___ Supplied information

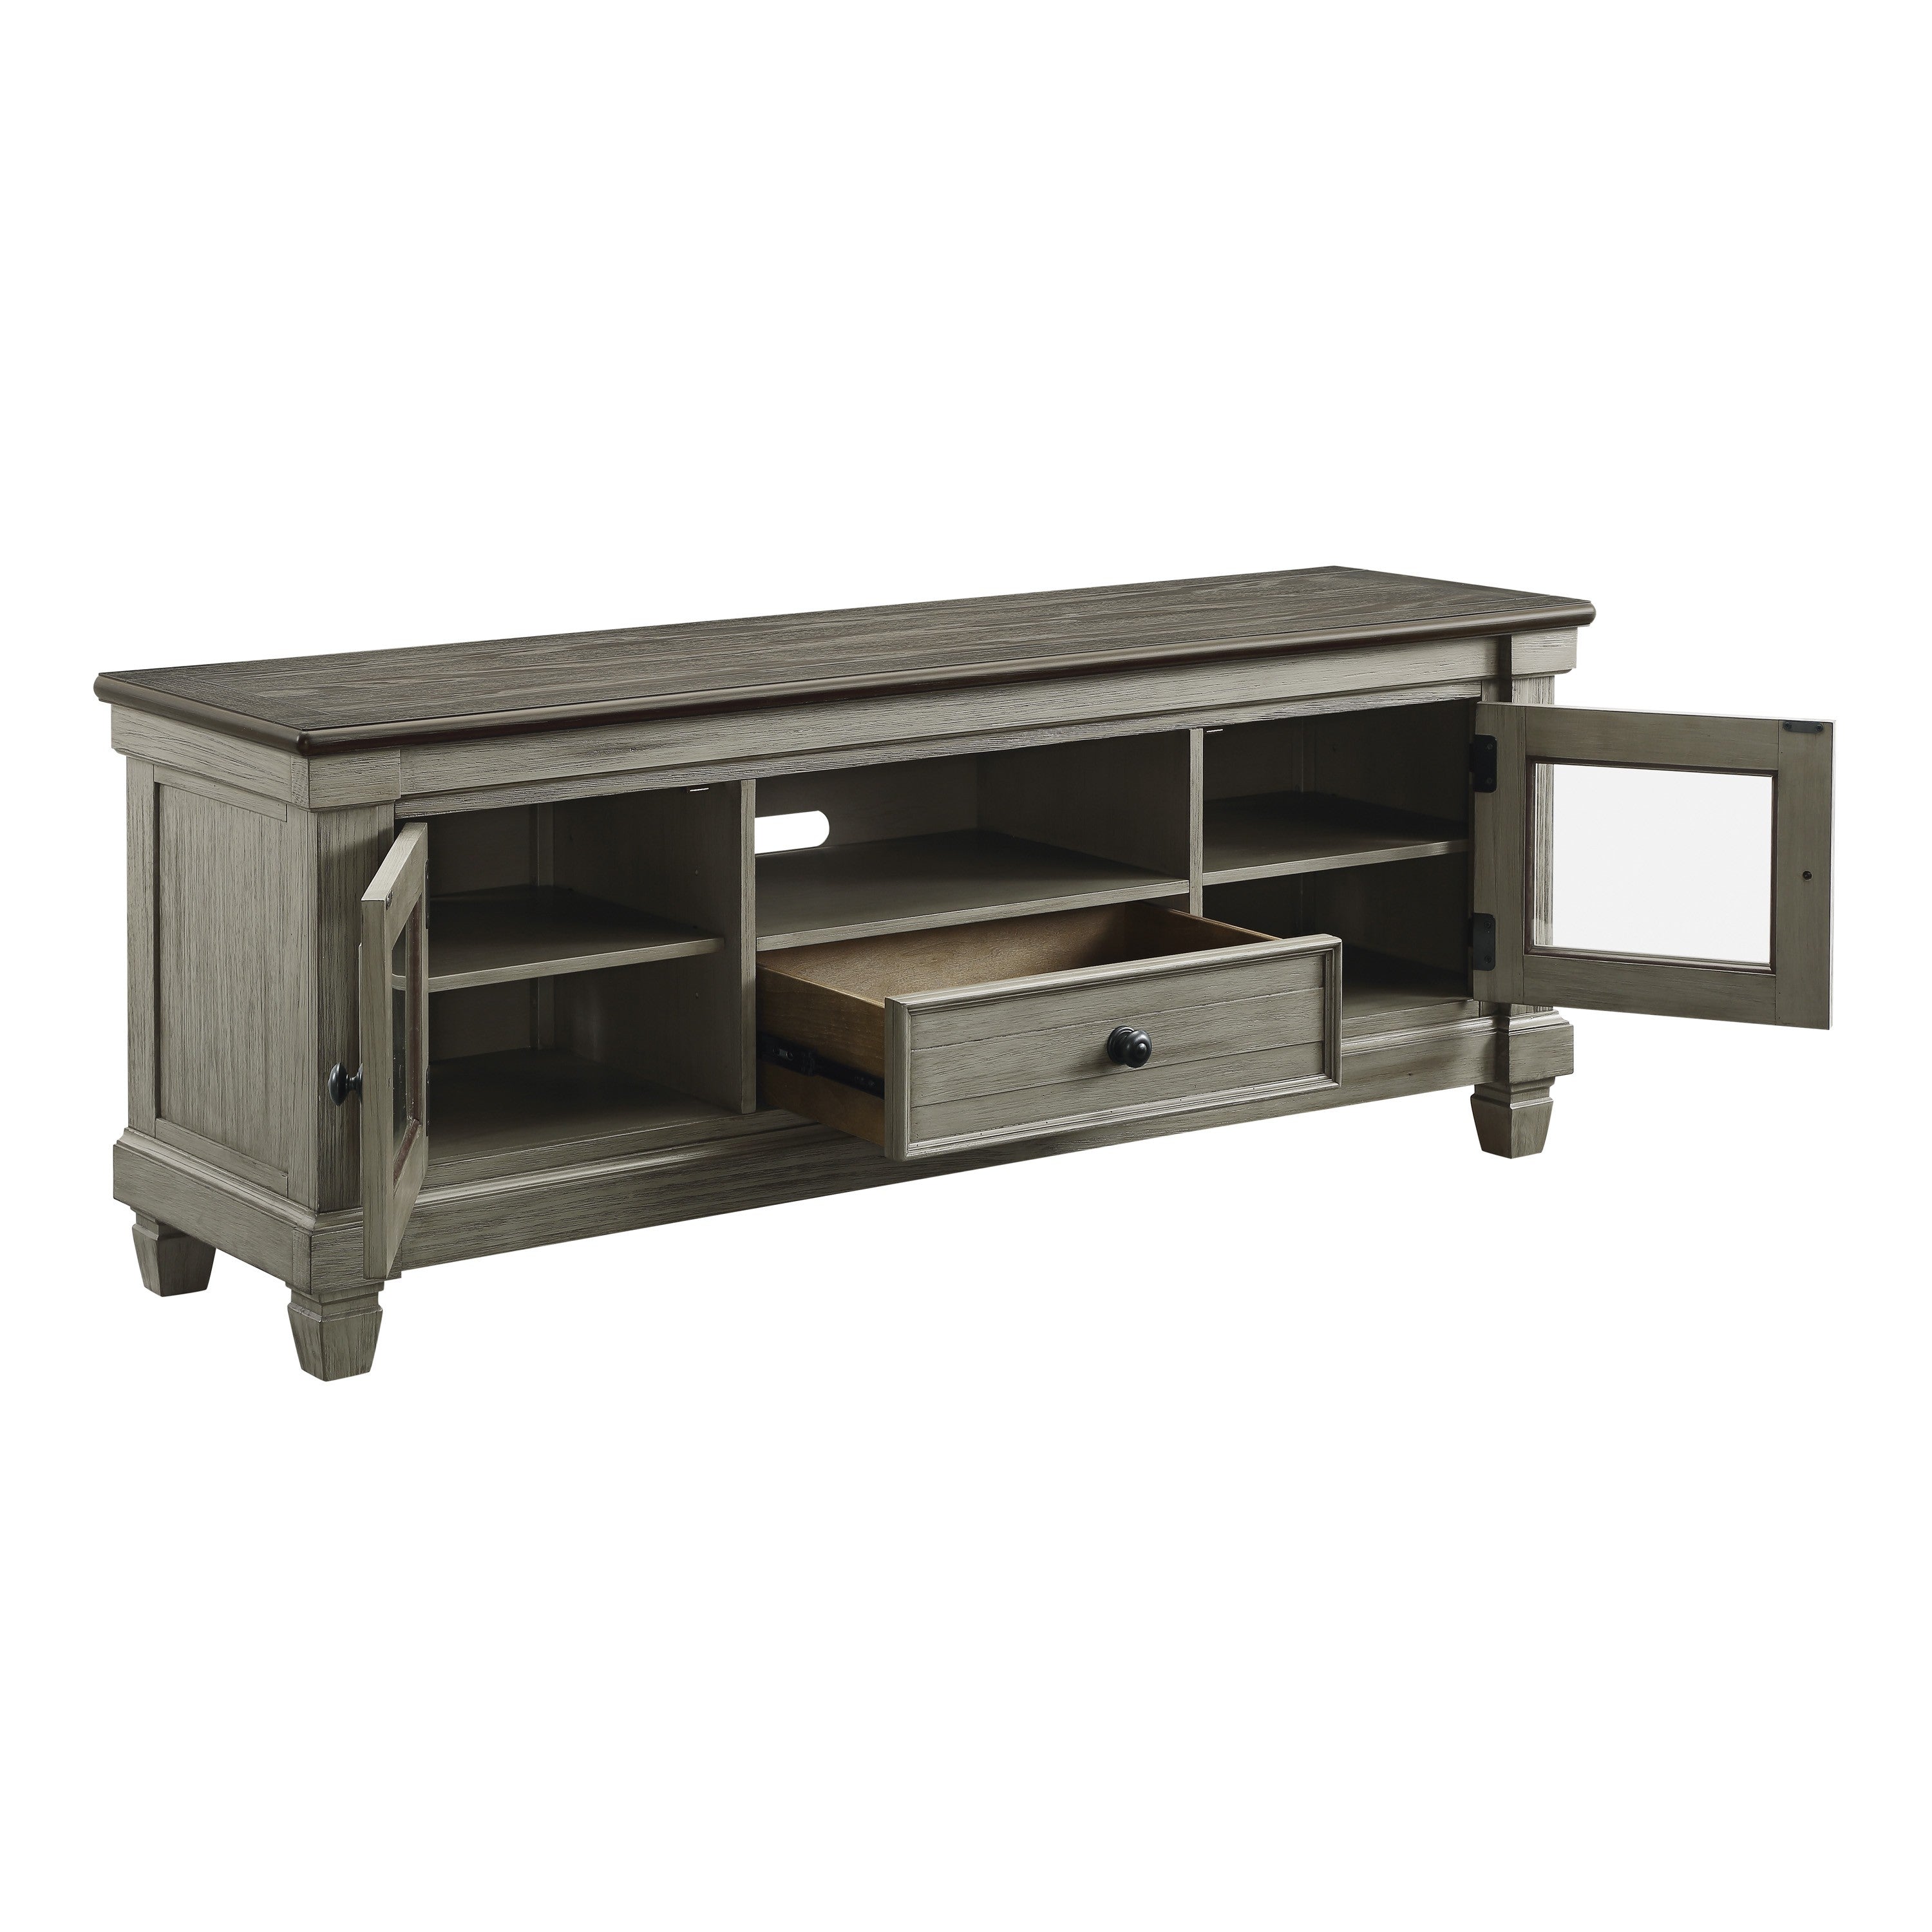 56270GY-64T TV Stand - 56270GY-64T - Bien Home Furniture &amp; Electronics
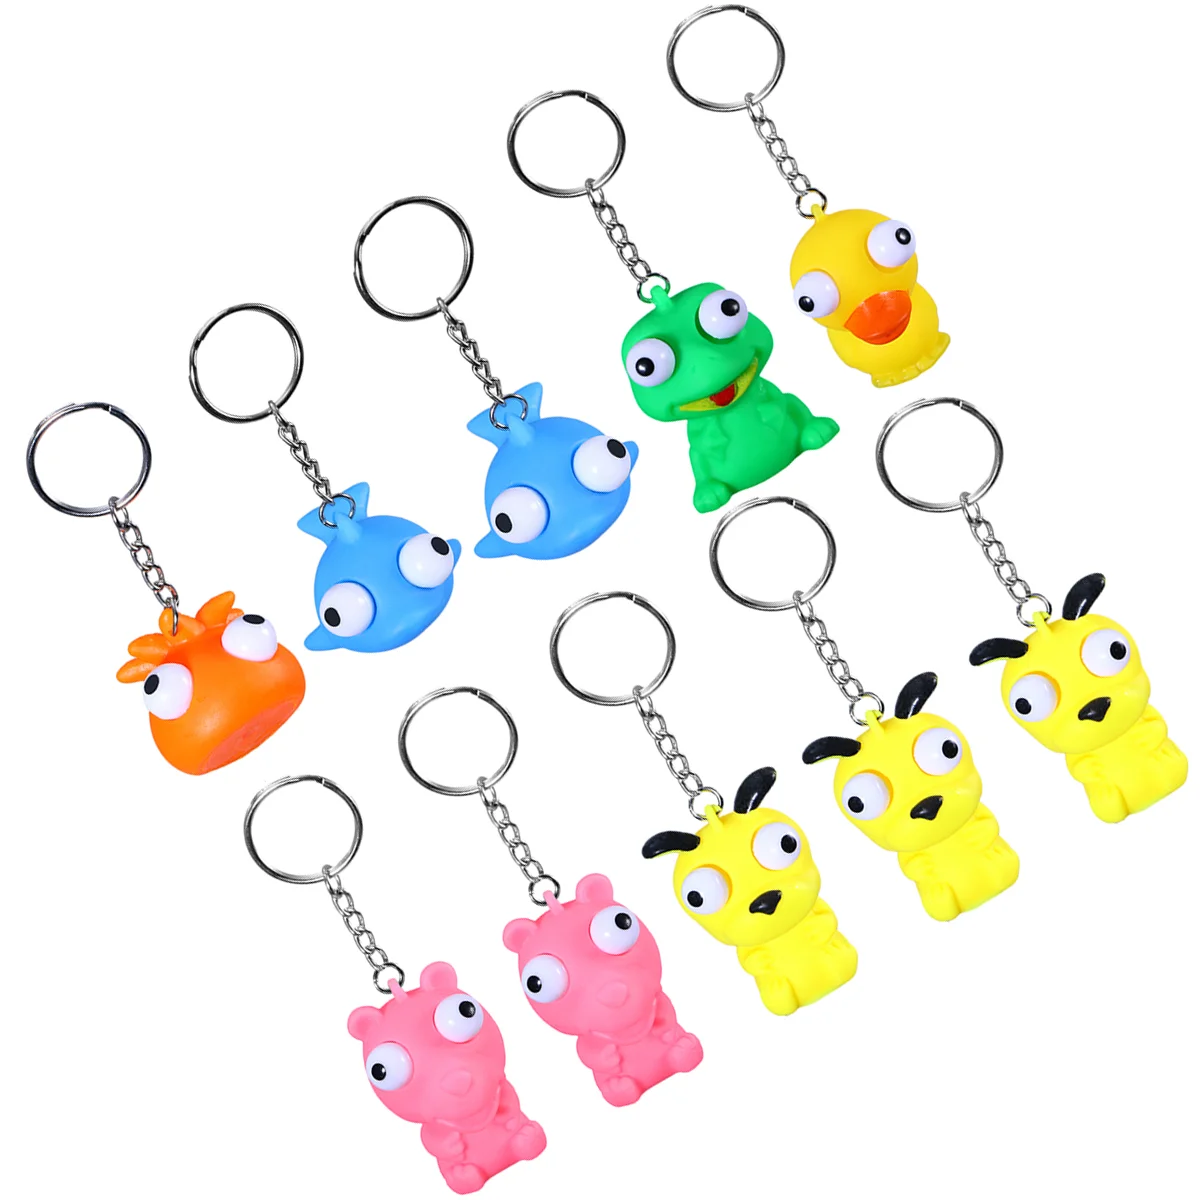 

10pc Popping Eyes Keychain Squeezing Toys Fun Squeeze Toys for Kids Party Favor Goodie Bag Fillers Stray
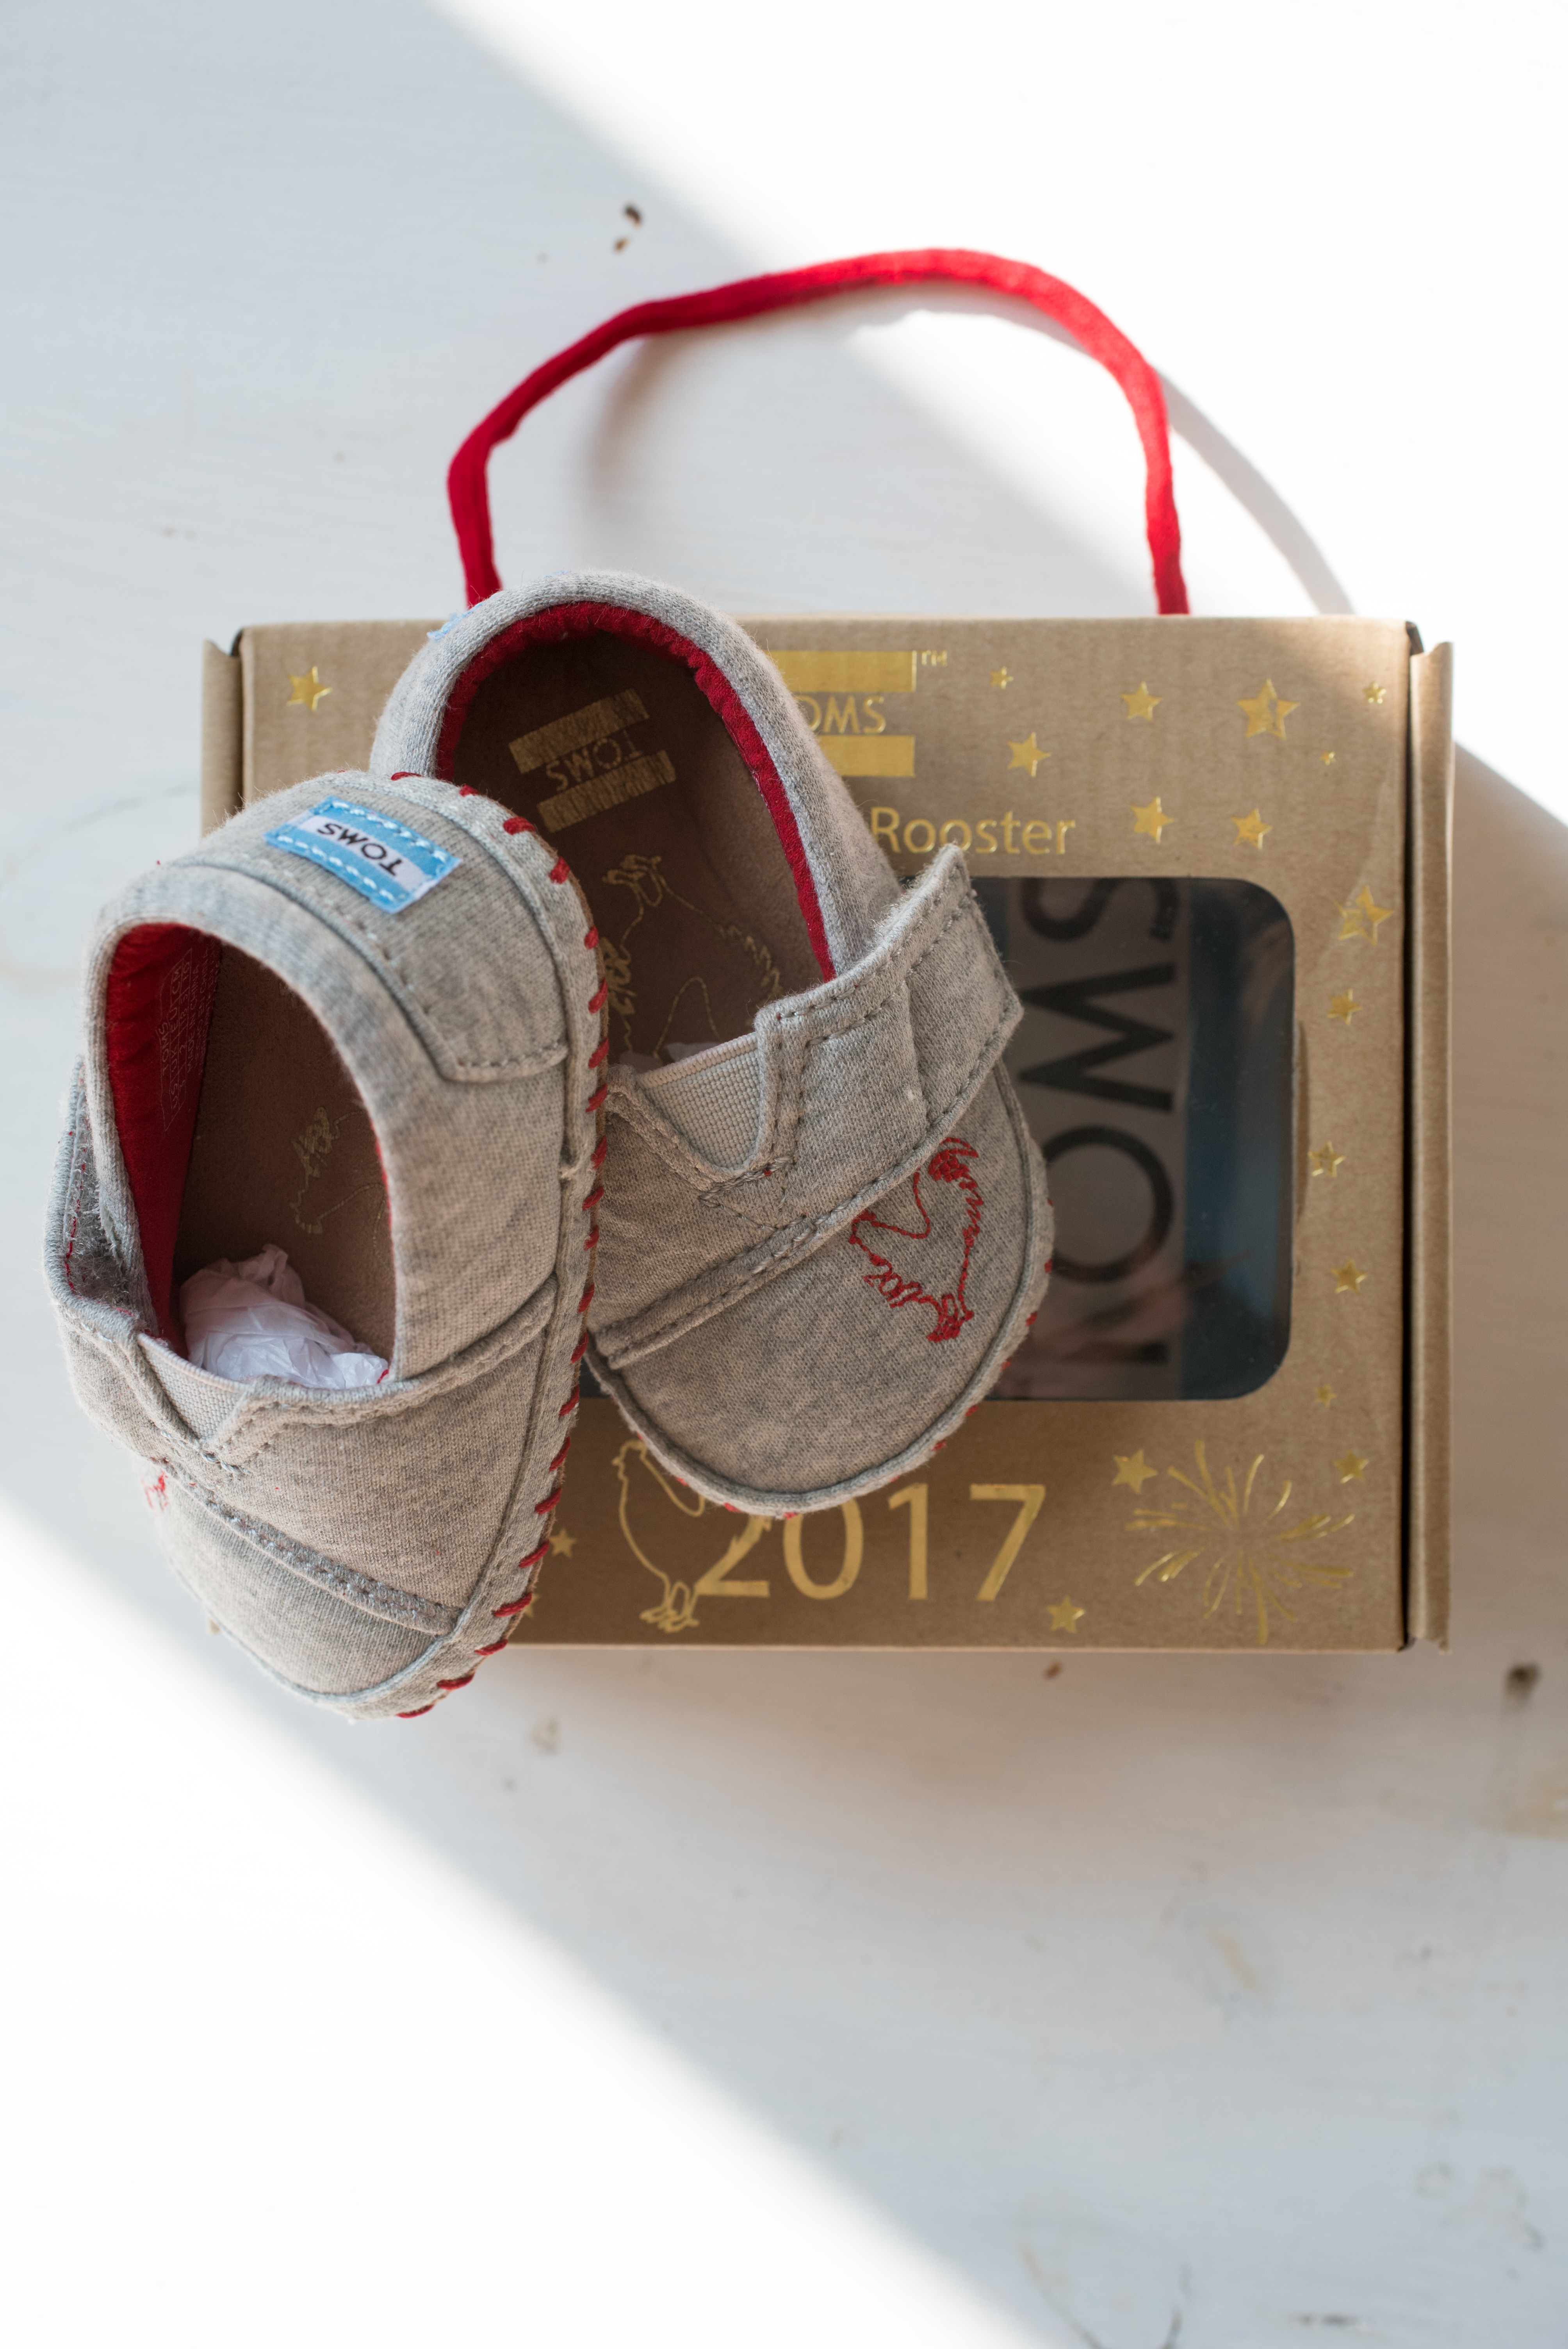 TOMS Baby Shoes Rooster 2017

______

Would you copy out all the data exactly, without the images?

 56270GY-64T TV Stand - 56270GY-64T - Bien Home Furniture &amp; Electronics

10pc Popping Eyes Keychain Squeezing Toys Fun Squeeze Toys for Kids Party Favor Goodie Bag Fillers Stray
 TOMS Baby Shoes Rooster 2017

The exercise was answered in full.